[ACTION ITEM]:
Reproduce, exactly, the lines of the material below from the line containing "adidas World Cup Sala 5x5 Futsal Ball" through the line containing "750+ Colored Line Icon cover image.", with both end lines included and nothing else.

[DATA UNDER STUDY]:
....
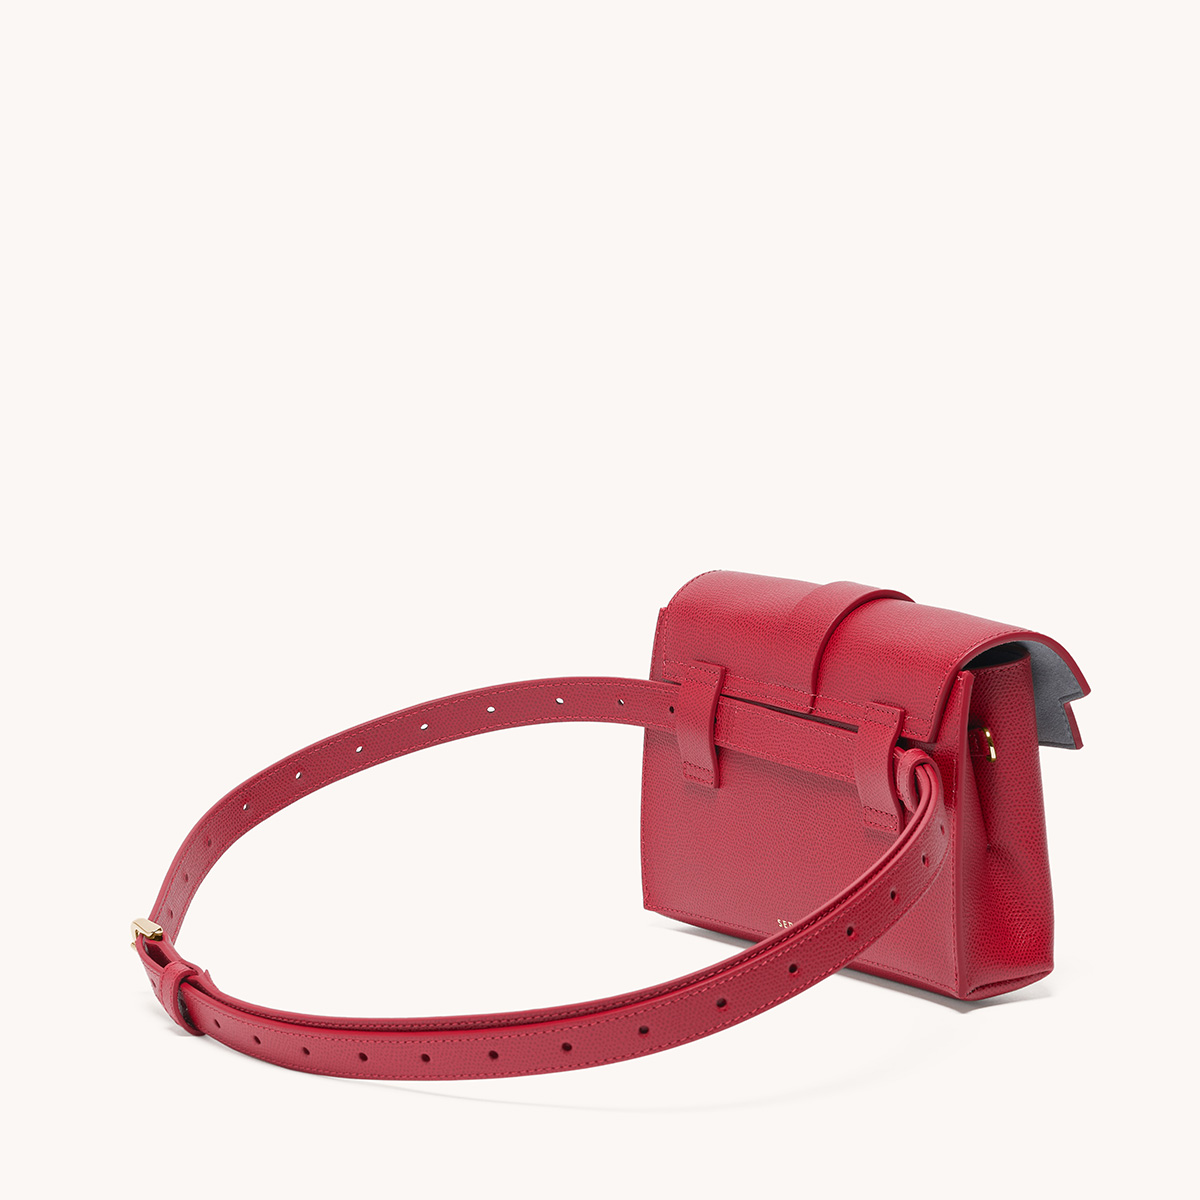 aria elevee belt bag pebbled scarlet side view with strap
....
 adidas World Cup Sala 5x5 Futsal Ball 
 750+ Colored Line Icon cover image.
....
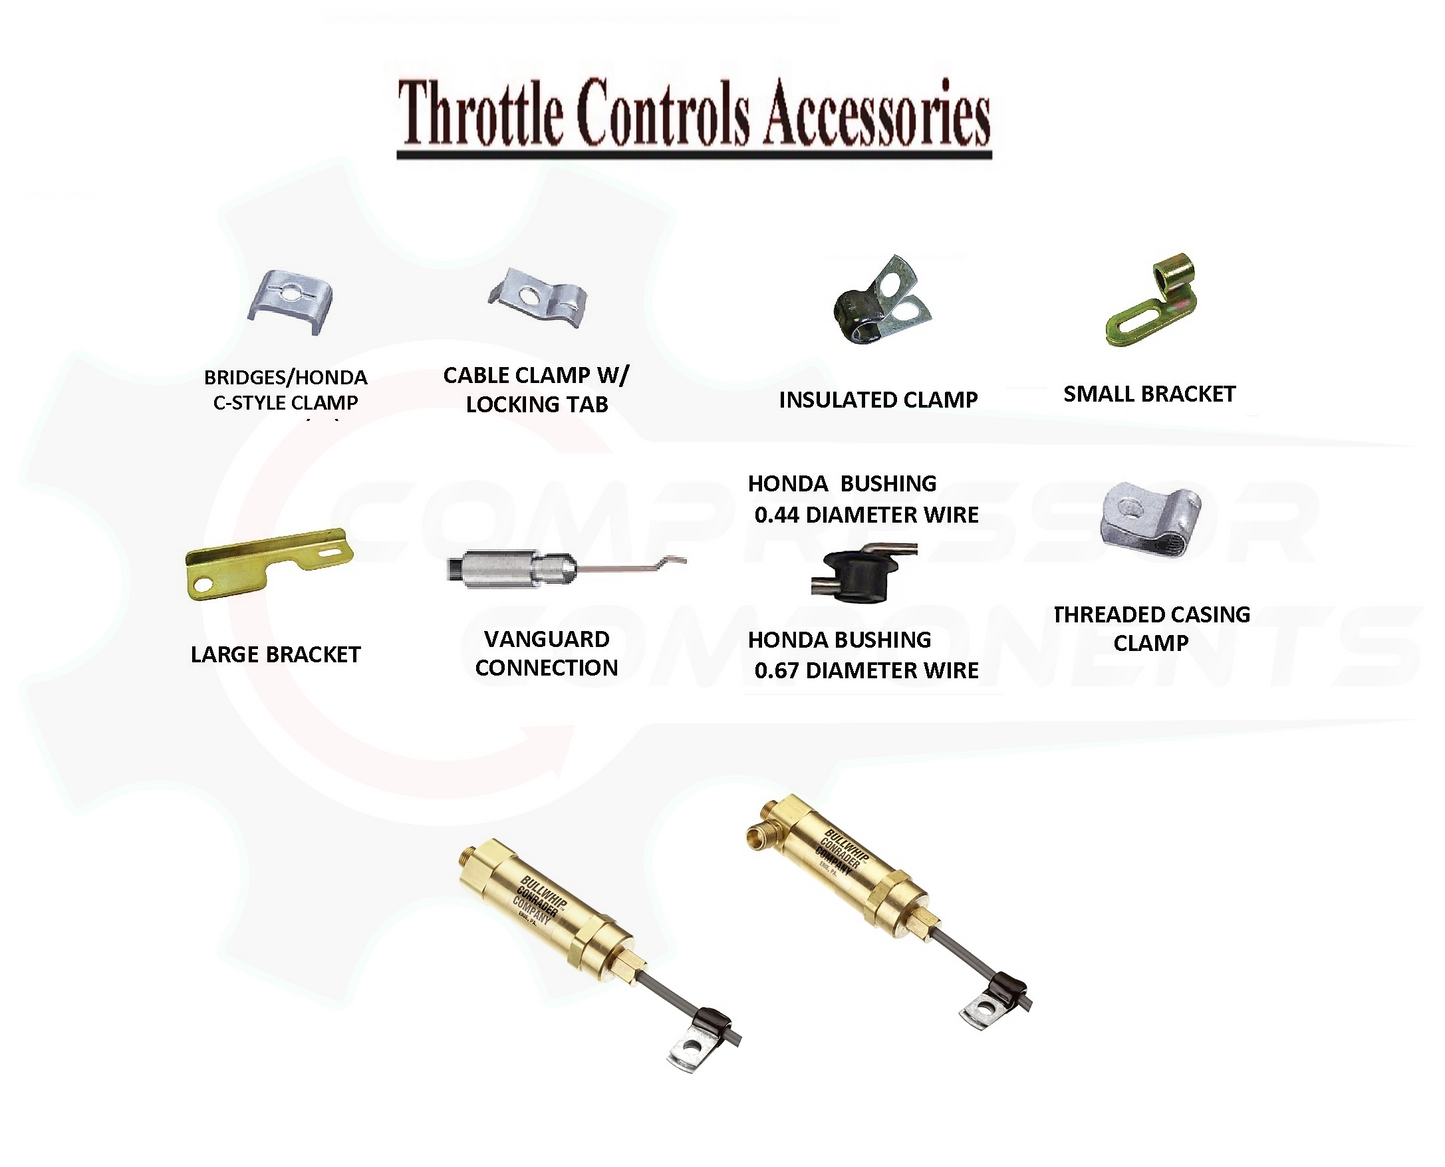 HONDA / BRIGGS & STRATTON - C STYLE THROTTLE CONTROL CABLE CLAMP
....
[ANSWER TO THIS TASK]:
 adidas World Cup Sala 5x5 Futsal Ball 
 750+ Colored Line Icon cover image.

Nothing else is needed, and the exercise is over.